Referring to FIGS. 5A-5L, an exemplary collaborative or multi-user experience is shown in the form of a Pancake flipping game, which may be under the trade name "Pancake Pals" ^TM Obtained from MagicLeap corporation of pulantashen, florida. Reference to the drawings5A, a first user (which may also be referred to as "user 1") element 60 is shown at one end of an office environment 66, wearing a head-mounted component 2, interconnected auxiliary computing or controller components 6, and holding a handheld component 4 that includes an ML1 system similar to that shown in FIG. 1A. The system 60 of the user 1 is configured to display to him a virtual fryer element 62, which virtual fryer element 62 extends in a virtual form from his hand-held component 4 as if the hand-held component 4 were the handle of the fryer element 62. The system 60 of user 1 is configured to reposition and reorient the virtual fryer pot 62 as user 160 reorients and repositions his hand-held components. For example, the tracking features of the system may be utilized to track the head-mounted 2 and hand-held 4 components in real-time or near real-time in terms of the position and orientation of both the head-mounted 2 and hand-held 4 components relative to each other. The system may be configured to allow virtual pan 62 or other elements controlled by the user (e.g., other virtual elements or other actual elements (e.g., one of the user's two hands or an actual pan or paddle (paddle) that may be configured to be tracked by the system)) to interact with the pan 64 virtual element having simulated physical properties using, for example, the flexile physics capabilities of the environment such as Unity (RTM) such that the user 1 may flip the pan 64, drop it into his pan 62, and/or throw the virtual pan 64 onto a trajectory away from the user 1. For example, the flexile physics capabilities may be configured to cause the pan 64 to wrap around any edge of the virtual pan 62 and fly in the actual pan possible trajectory and manner. Referring to fig. 5B, virtual pan 64 may be configured to have animated properties and provide the user with the perception that the pan 64 is liked to be flipped and/or thrown over, for example by a reward a touchdown point, sounding a music, and landing or rainbow visual effect, etc. 5C shows that the user 1 successfully flipped over the virtual pan 64 is about a virtual pan 60 as being launched in front of the user 1.5D 1.

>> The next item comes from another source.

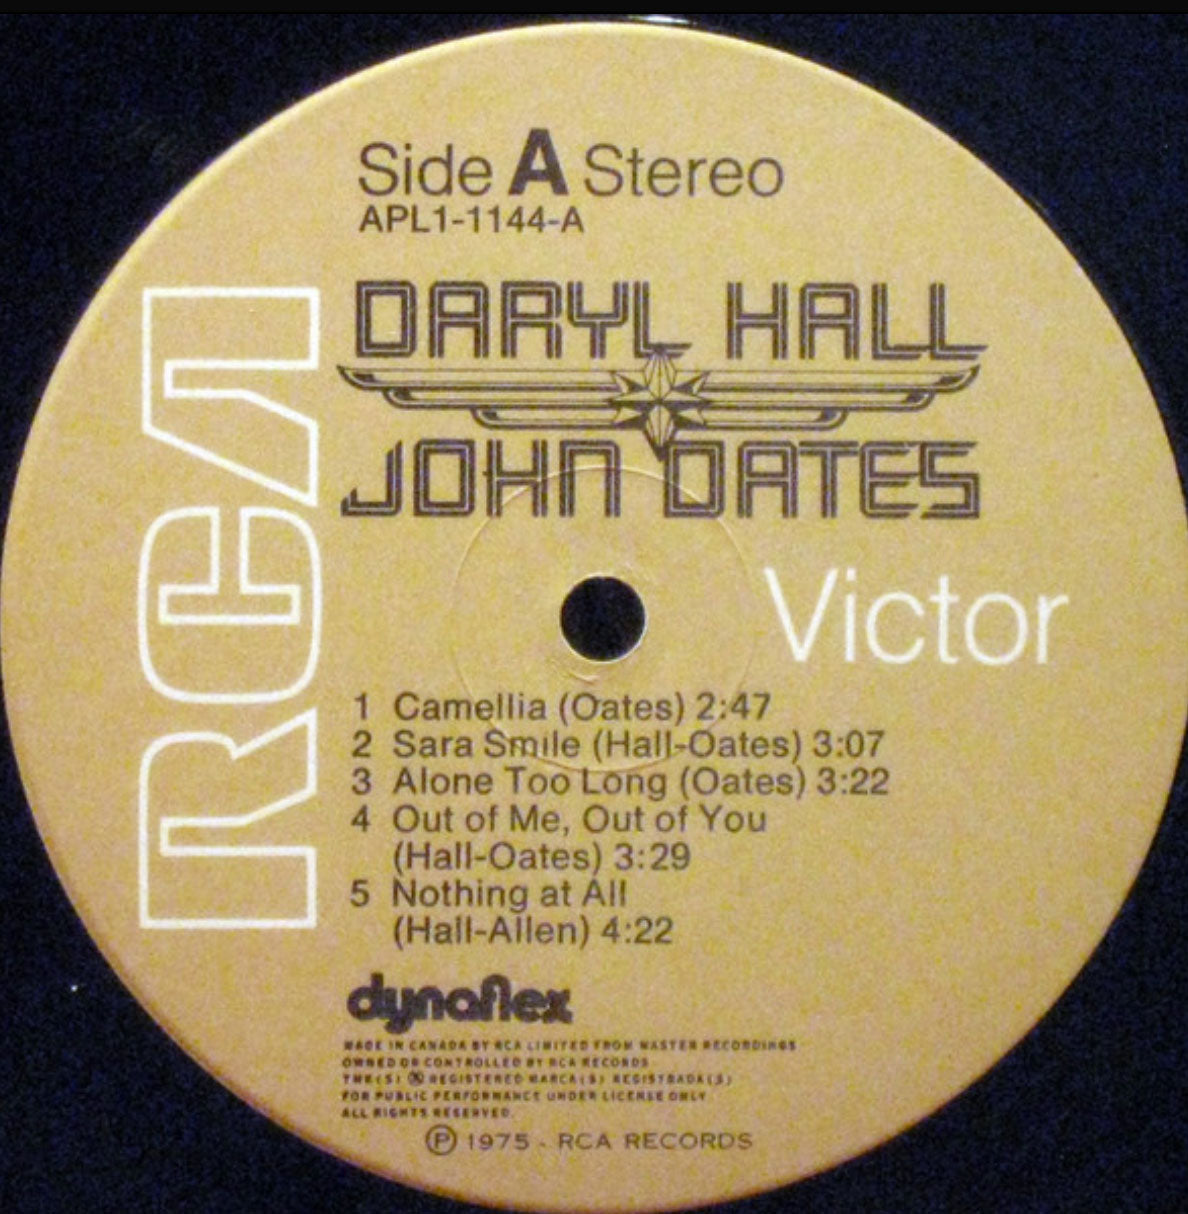 Daryl Hall and John Oates – Daryl Hall and John Oates

Referring to FIG. 5F, in a multi-user experience, such as the experience described above with reference to FIG. 4, the system is configured to position two players relative to each other in the same environment 66. Here, user 160 and user 2 61 are depicted occupying two different ends of the same corridor of the office; referring to fig. 5K and 5L to see the view showing the two users together, and when virtual pancake 64 is launched by user 160 in fig. 5E, the same virtual pancake 64 flies towards user 2 61 in a simulated physical characteristics trajectory, user 2 61 also possesses his own virtual pancake element 63 with the ML1 system with the components of head mounted 2, handheld device 4, and computing bag 6 to be able to interact with virtual pancake 64 using simulated physical characteristics. Referring to fig. 5G and 5H, user 2 successfully arranges his virtual pan 63 and holds virtual pancake 64; and referring to fig. 5I and 5J, user 2 61 may throw virtual pancake 64 back to user 160, as shown in fig. 5K, where user 1 appears to be arranging his virtual pan 62 to wait for another successful catch of virtual pancake 64, or alternatively in fig. 5K, where user 1 appears to have insufficient positioning and orientation of his virtual pan 62 so that virtual pancake 64 appears to go straight across the floor. Thus, a multi-user or multi-player configuration is presented in which two users can collaborate or interact with various elements, such as virtual dynamic elements.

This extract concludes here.